Yield: makes a dozen cakes
Active time: 20 minutes, or 1-2 hours if making puff pastry
Total time: 50 minutes, or overnight if making puff pastry

Ingredients

  • 1 3/4 ounces unsalted butter
  • Scant 4 ounces dark brown sugar
  • 7 3/4 ounces currants
  • 1 tsp ground allspice
  • 1 tsp ground nutmeg
  • 3 egg whites, beaten with a fork
  • Shallow bowl of caster sugar
  •  
  • Puff Pastry
  • 1 pound 2 ounces strong white flour
  • 2 tsp sea salt
  • 4 1/2 ounces cold unsalted butter, diced, plus 1 cup cold unsalted butter
  • 1 cup cold water
  • 2 tsp white wine vinegar

Procedures

  1. Make the puff pastry: Sift the flour into a bowl, then add the salt and the diced butter. Rub the butter in with your fingertips until the mixture looks like breadcrumbs. Add the water and vinegar, and mix to a firm paste. Shape into a ball, wrap in cling film, and leave in the fridge overnight.

  2. The next day, take the pastry out of the fridge and leave it to soften for 1-2 hours. The remaining butter should be at the same temperature as the pastry (if the butter is too soft it will melt and ooze out of the pastry, whereas if it is too hard it will break out of the pastry and ruin your puff). A good way to achieve the correct temperature is to put the butter between a couple of sheets of baking parchment (or re-use your butter wrappers), beating with a rolling pin to soften it.

  3. When the butter and pastry are ready, roll out your pastry. First roll it into a square, then roll out each side in turn to extend the square into a cross. Leave the center thick, keeping the ends and sides square. Place the butter in the center of the pastry, molding it to the right size if necessary. Then wrap the arms of your cross over and around the butter: start by putting the left arm over the butter, then the right arm over the first arm, next the top and finally the bottom arm.
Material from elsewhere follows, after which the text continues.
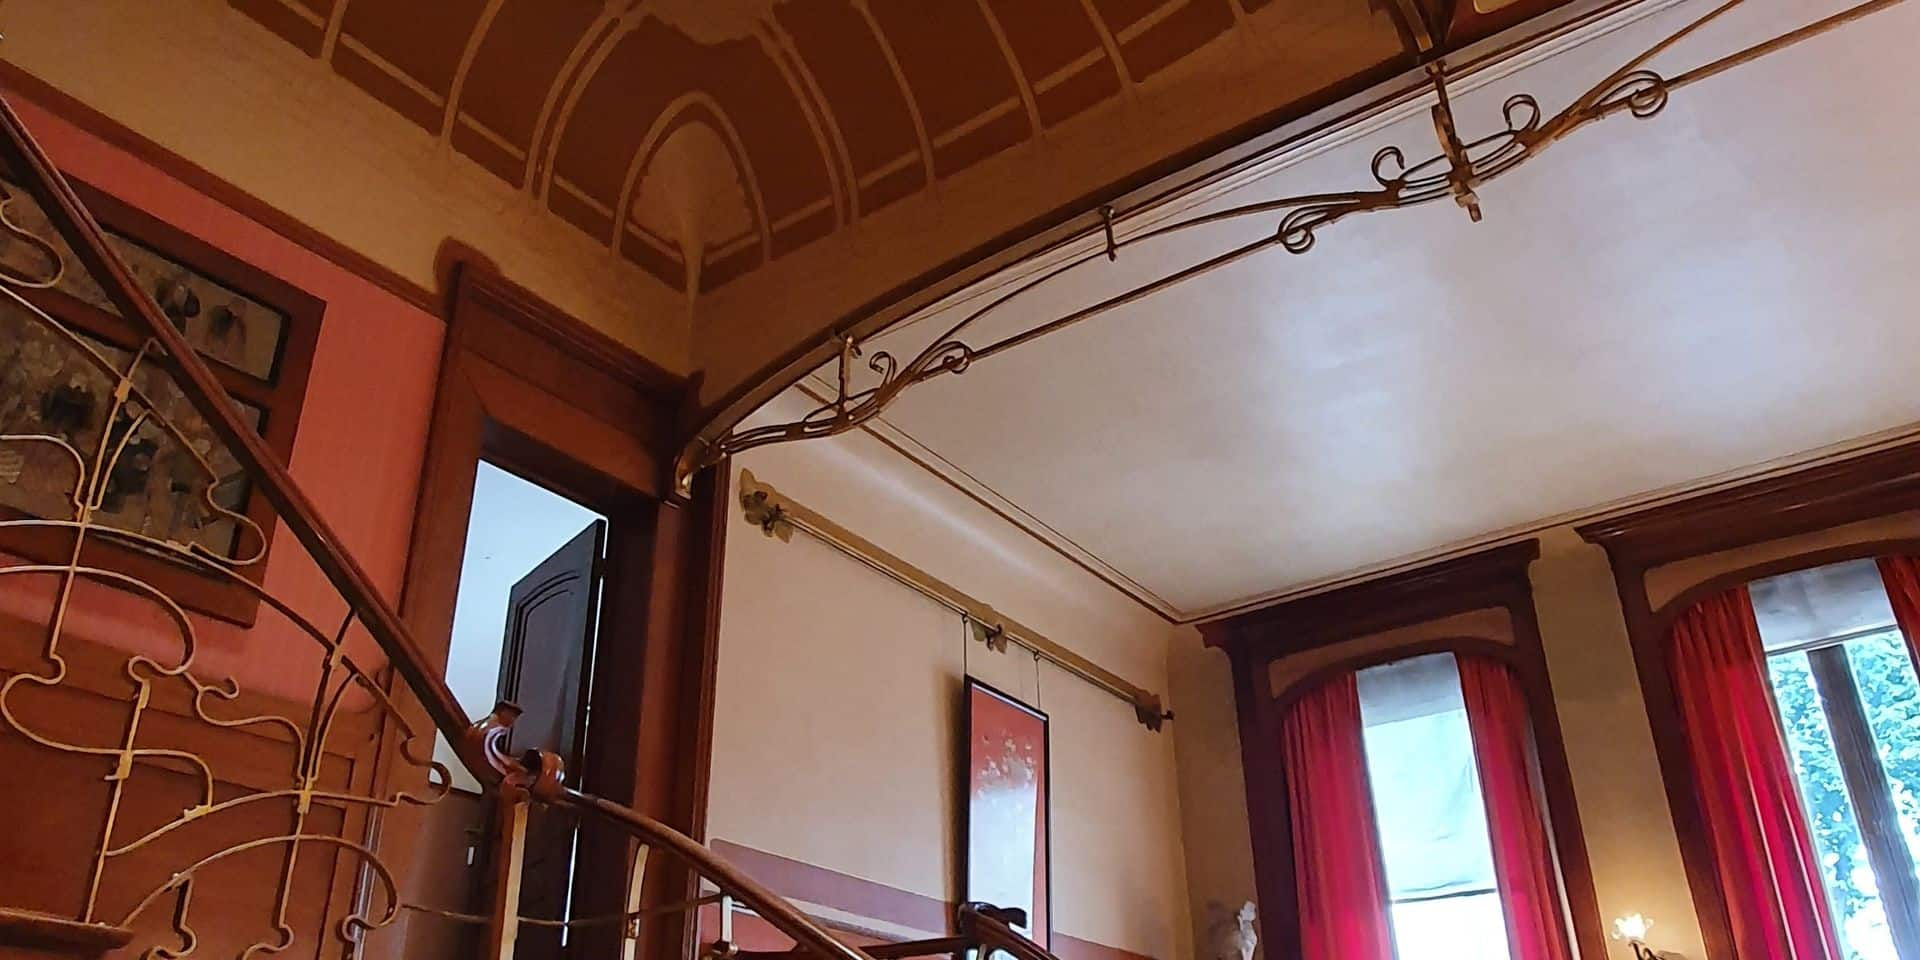 Idée d'escapade belge : le Musée Horta, joyau de l'Art nouveau à Bruxelles
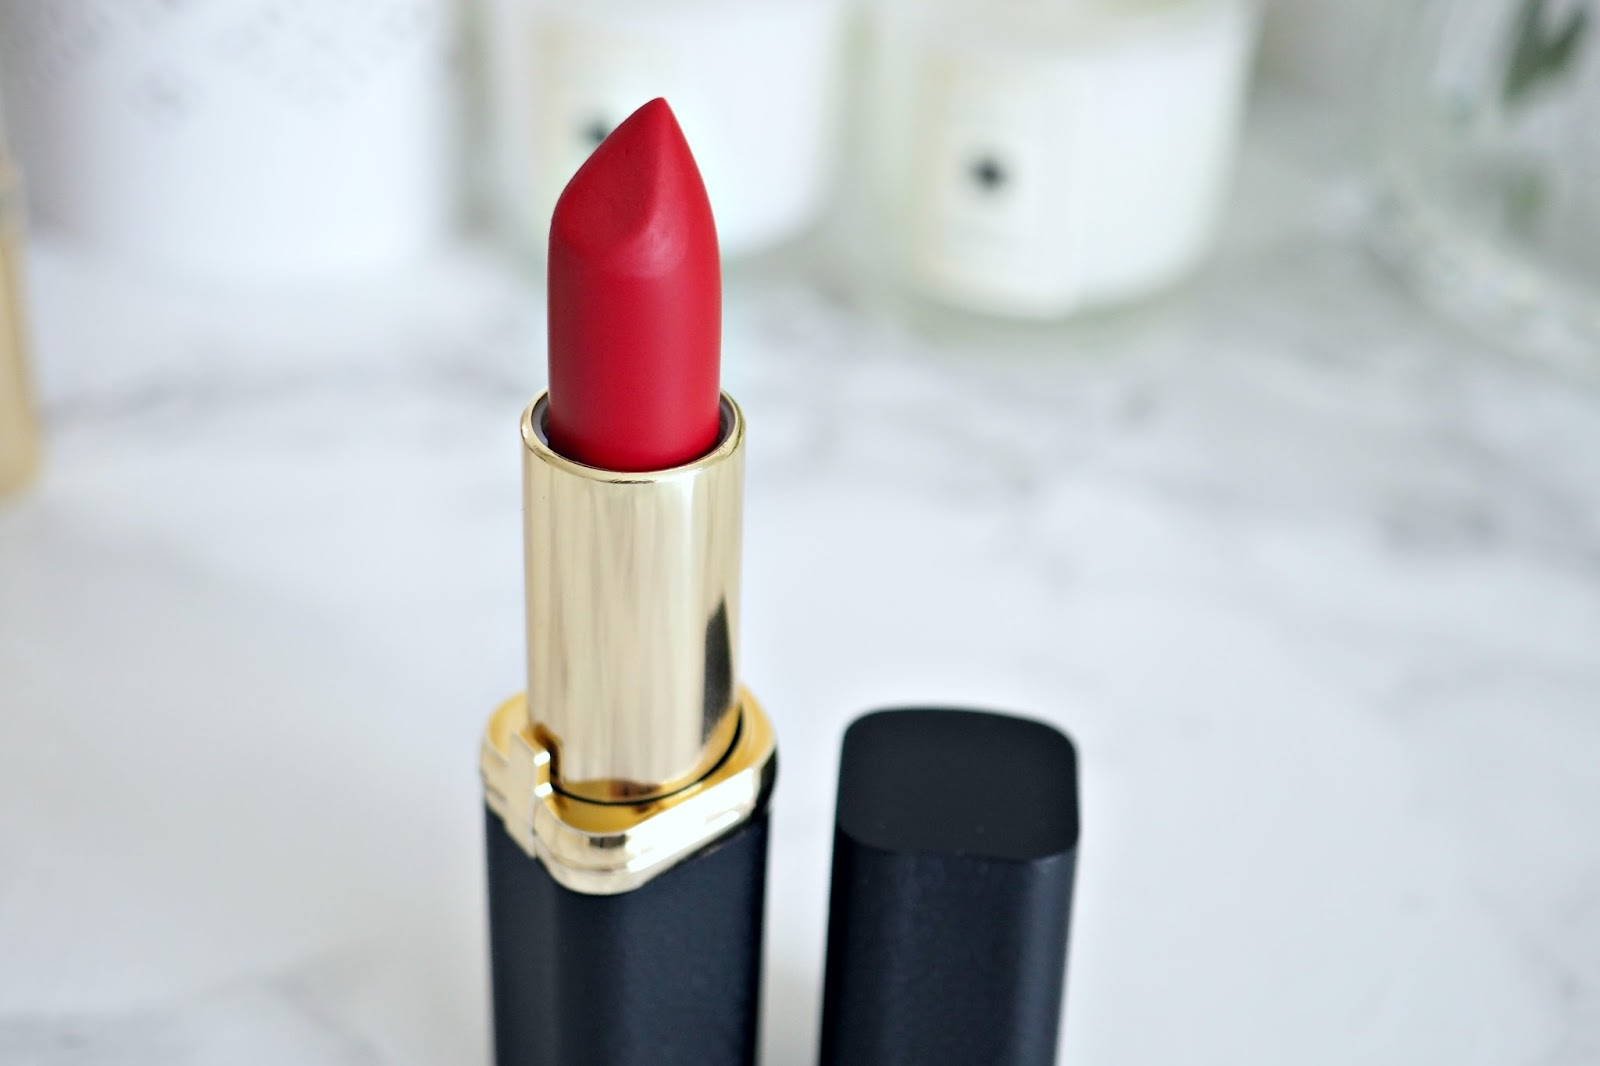 L'Oreal Colour Riche Matte Lipstick in shade '346 Scarlet Silhouette'

The four arms of your cross should add up to the same thickness as the center of the pastry. Now you have butter in a pastry package.

  4. Turn your pastry so the top seam is on the right-hand side and roll it out on a floured surface into a rectangle about 8 inches wide and 28 inches long. Brush the excess flour off, then fold the rectangle in three, like a letter, with one end of the rectangle to the center and the other end over this. Give the pastry a quarter turn, so the seam is on the right-hand side, then roll out and fold again. Wrap in plastic wrap and leave to rest in the fridge for about 4 hours. Repeat twice more, so you have rolled out the pastry and butter six times, resting it after every two turns. Finally, wrap it in plastic wrap and store in the fridge until ready to use. It also keeps well in the freezer.

  5. To make the filling, melt the butter and sugar together, then add them to the dry ingredients, mix well, and then leave to cool before using.

  6. Roll the puff pastry out to 1/3-inch thick and cut circles approximately 3 1/2 inches in diameter. Onto these spoon a blob of your filling mixture in the center of the circle, and pull up the sides of the pastry to cover the filling. Seal it with your fingers, then turn it over and slash the top. Paint the top with the egg white, then dip it into the sugar. The Eccles cakes are now ready to bake for 15 to 20 minutes in a hot to medium oven; keep an eye on them so that they don't burn. They can be eaten hot or cold and, as I mentioned earlier, are particularly marvelous when eaten with Lancashire cheese.

  7. The reason we slash the top of the Eccles cake three times is for the Holy Trinity (well, that's what I have been told).